Other then always shying away from the topic of having a baby, his attitude towards me remains unchanged...

You want baby but he doesn’t want?
 
He doesn't want commitment to have a baby?
Some people want a childless marriage. Do you both have such in mind in the first place?
 
Initially we got married and planned to have a baby, but, since i have pcos, it will be a miracle if i do conceive. So we sort of go with the flow. If i have, then it will be good, but if i don't have also not stressing each other over it...

He did tell me that previous pregnancy i had (in 2014), sort of gave him some trauma. I didn't have much morning sickness, but i got very bad headache... by lunchtime i would have taken 8 panadols.

He saw what i went tru then and so he did say if a pregnancy is going to give me so much trouble, he might as well not have a baby. But im now much older, and i strongly felt its about time and my body can't wait any longer... =/
 
I see. Probably he lost confidence... And also worry about you too.
Having a baby need both party. Not only sex.. But also the mindset, thinking etc as well.
Try to talk and discuss with him, about how much you want a baby, and also about your concern.
Pray hard that he will agree to it
 
Initially we got married and planned to have a baby, but, since i have pcos, it will be a miracle if i do conceive. So we sort of go with the flow. If i have, then it will be good, but if i don't have also not stressing each other over it...

He did tell me that previous pregnancy i had (in 2014), sort of gave him some trauma. I didn't have much morning sickness, but i got very bad headache... by lunchtime i would have taken 8 panadols.

He saw what i went tru then and so he did say if a pregnancy is going to give me so much trouble, he might as well not have a baby. But im now much older, and i strongly felt its about time and my body can't wait any longer... =/

This world is very strange.. Some husband want kids, yet wife don't want.. While some wife want kids, yet husband don't want...

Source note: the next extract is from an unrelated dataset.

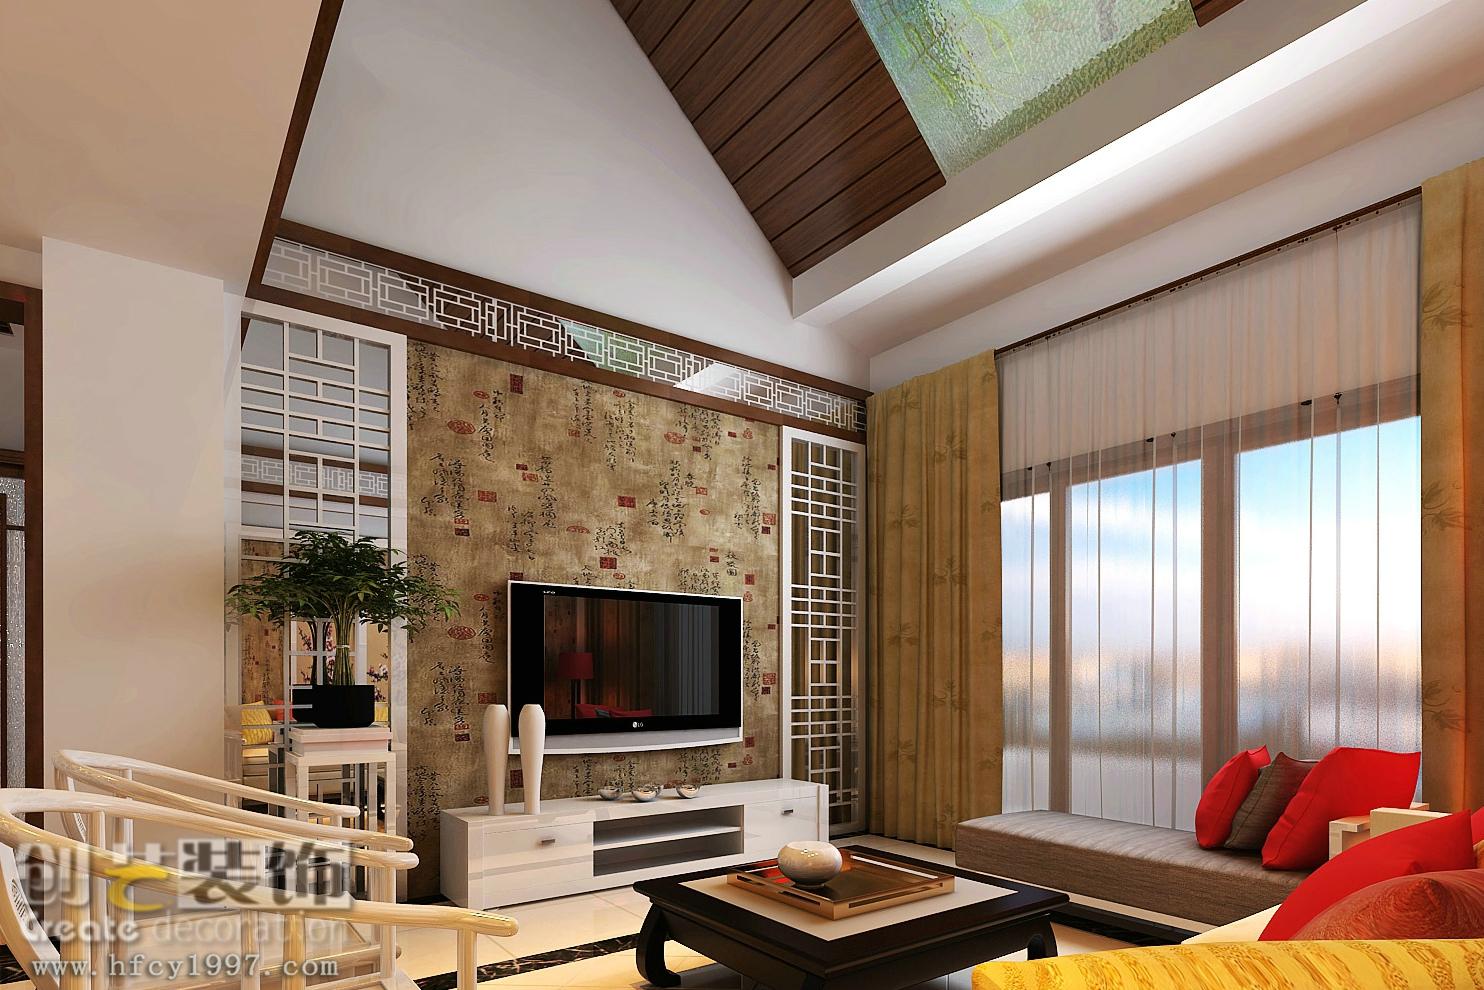 复式楼中式风格_经开区锦秀年华130平米现代中式风格复式12万元图片

For myself, my wife don't want kids, as she felt her age is catching up + phobia (she's 40 already). She too was pregnant in her early 30s, but got miscarriage due to some issue. Since then, she didn't want to have a child anymore. All along I thought she will change her mind some day, but well, already somehow used to it.. So didn't want to pressure her as well, and had to go along with it (even though how much I want to have a kid). I do thought of adopting, and suggested to her too, but she just don't want.. So well... Have to go with our life, that we will having a childless marriage...

In your situation, your husband probably concern about you. As a husband myself, I do know what he's thinking too. He don't want his love one, to suffer.. He rather give up of not having a kid, than seeing his love one suffering... So in a way, he does care/love you a lot.

If you aren't able to talk him through of having a kid, then perhaps need to try accepting (like me), of a childless marriage. Most important, is still try to talk and tell him your concern... If still cannot, then you need to consider well le...
 
Im going for iui soon. I told him try for help, then at least if it really didnt work out then at least we wouldnt have regrets in life. He give me a sianz -_- look. Tbh im damn pssed at his aimai aimai attitude cos i will be one going tru all the injections etc

N im also prepared to be e sole caretaker if i have a child... he sometimes don't even come home. Or either that, till late 2am+ when im fast asleep. How to try naturally u tell me...
 
Im going for iui soon. I told him try for help, then at least if it really didnt work out then at least we wouldnt have regrets in life. He give me a sianz -_- look. Tbh im damn pssed at his aimai aimai attitude cos i will be one going tru all the injections etc

N im also prepared to be e sole caretaker if i have a child... he sometimes don't even come home. Or either that, till late 2am+ when im fast asleep. How to try naturally u tell me...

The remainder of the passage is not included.